Elle sortit, laissant la porte ouverte. Je fermis de nouveau les yeux et glissa dans le potage.

Des chuchotements me ramenèrent sur la rive. Je fis un effort pour rouvrir mes vasistas. Aperçus la pétasse avec un grand gaillard, genre basketteur comme gabarit. D’ailleurs il portait un survêtement bleu avec des bandes blanches et un énorme « L » sur la poitrine.
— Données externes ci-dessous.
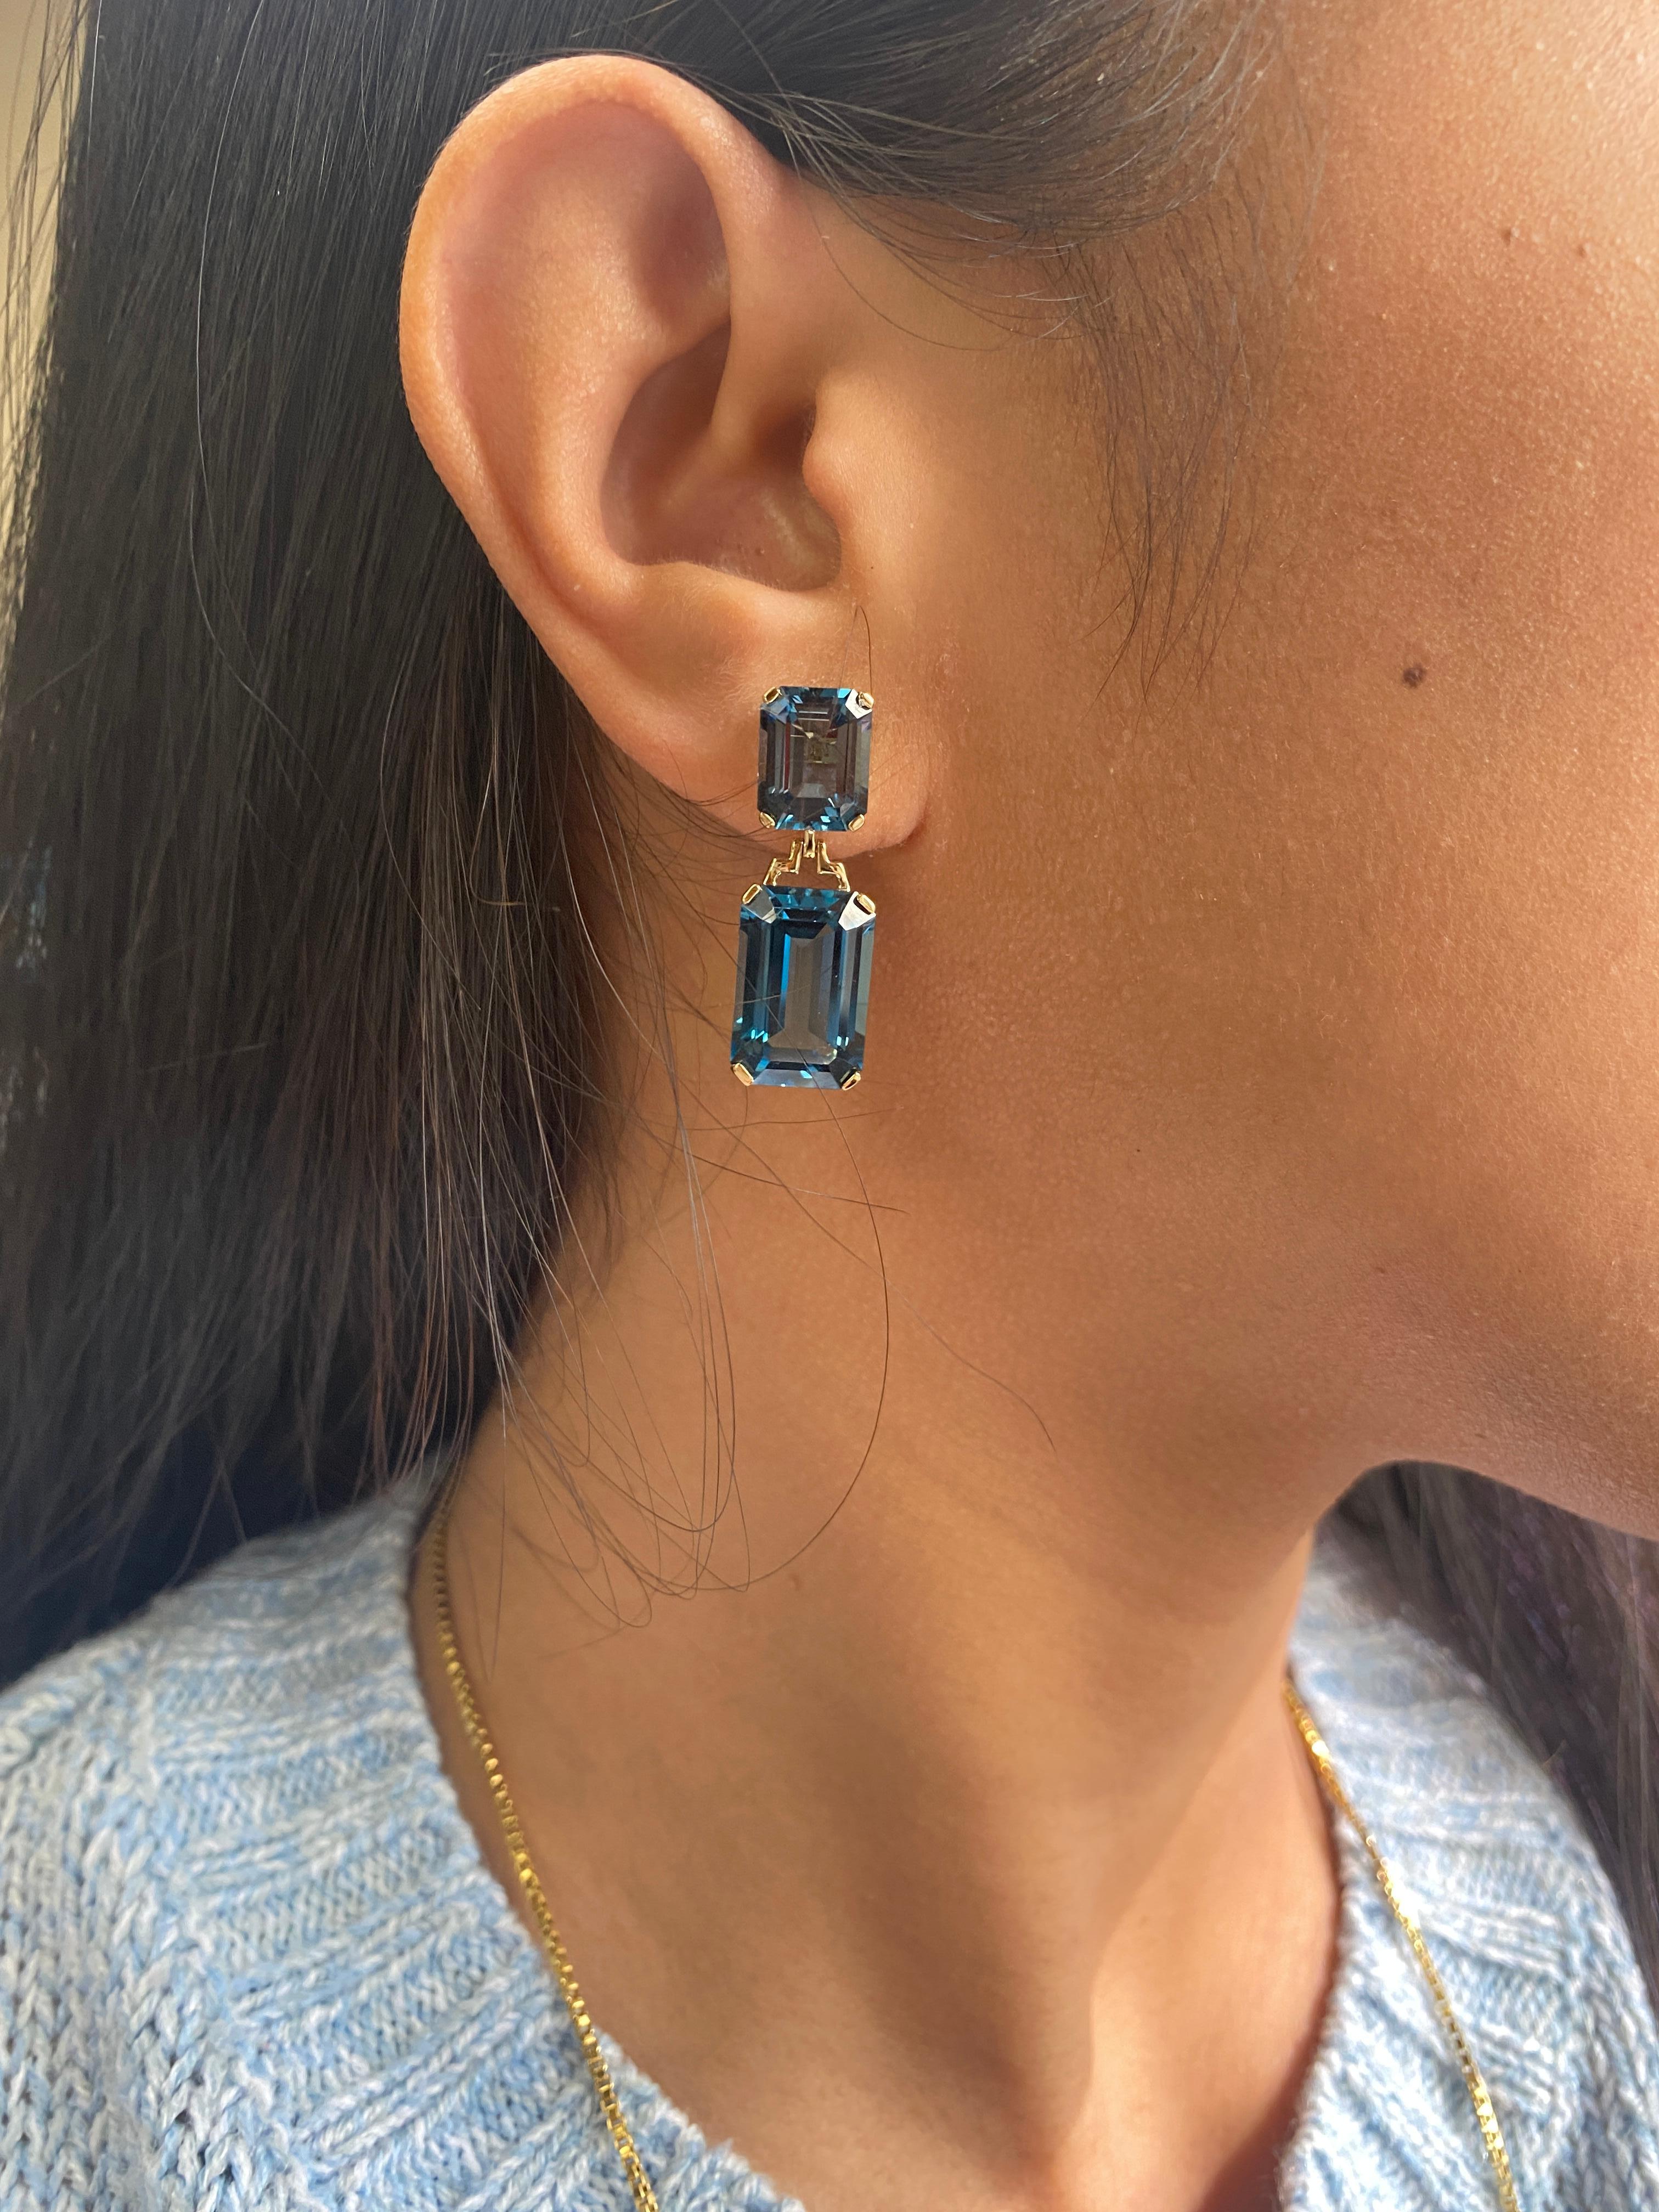 emerald cut london blue topaz earrings
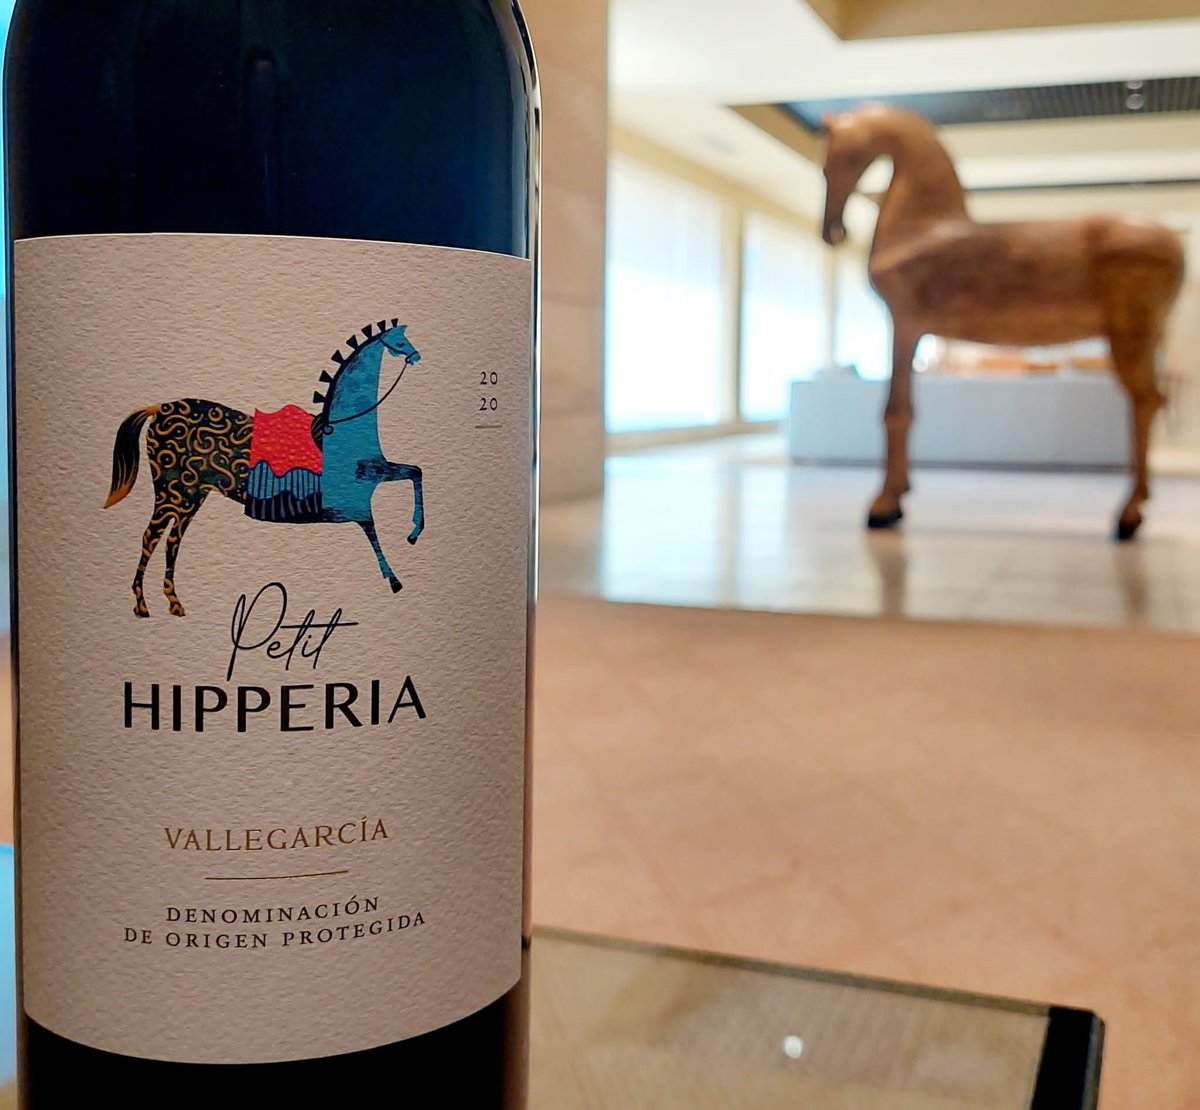 PETIT HIPPERIA es el toque de elegancia para cada día, donde podemos apreciar el estilo de la bodega y la verdadera expresión del terroir. #PagoVallegarcía #Pago #winemaking #vino #Spain

— Oui, oui, c’est sûrement lui, dit-il.

Bon, je compris que c’était scié. La tapineuse, en allant mettre son bouquet au frais chez le frelot avait dû mentionner ma couleur verte et ce grand con avait entendu les informations.

Je constatai qu’il tenait une matraque dont il se tapotait la cuisse.

Réalisant que je venais de récupérer mes esprits, il déclara :

— Voilà ce qu’on va faire : vous me remettez votre rouleau de dollars et je vous laisse filer ; sinon je vous assomme, je pique les banknotes et Betty va chercher les flics. Choisissez ce que vous préférez, vous avez deux grandes secondes pour réfléchir.

— Je suis malade à crever, objectai-je.

— Ça se voit. Bon, réponse ?

— O.K. pour la première solution, mec.

Je me plaçai de côté pour me lever. J’étais franchement à bout de course. Je fis une embardée que je rattrapai in extremis, sortis une fois de plus la liasse magique de ma poche et la tendis au grand diable ; mais je tremblais tellement que je la laissais tomber avant qu’il ne s’en saisisse. Il plongea pour la ramasser. C’était trop beau. Malgré mon délabrement, je lui ajustai un coup de latte dans la tronche. Il piqua du nez, tomba en biais, mais il n’était pas assaisonné pour de bon. Alors j’empoignis la jolie lampe de chevet, style années 20, et lui en portis deux grands coups sur la nuque. Puis je raflis ma fameuse liasse. La pute s’était sauvée en clamant comme quoi « Help ! Help ! » Fallait pas moisir.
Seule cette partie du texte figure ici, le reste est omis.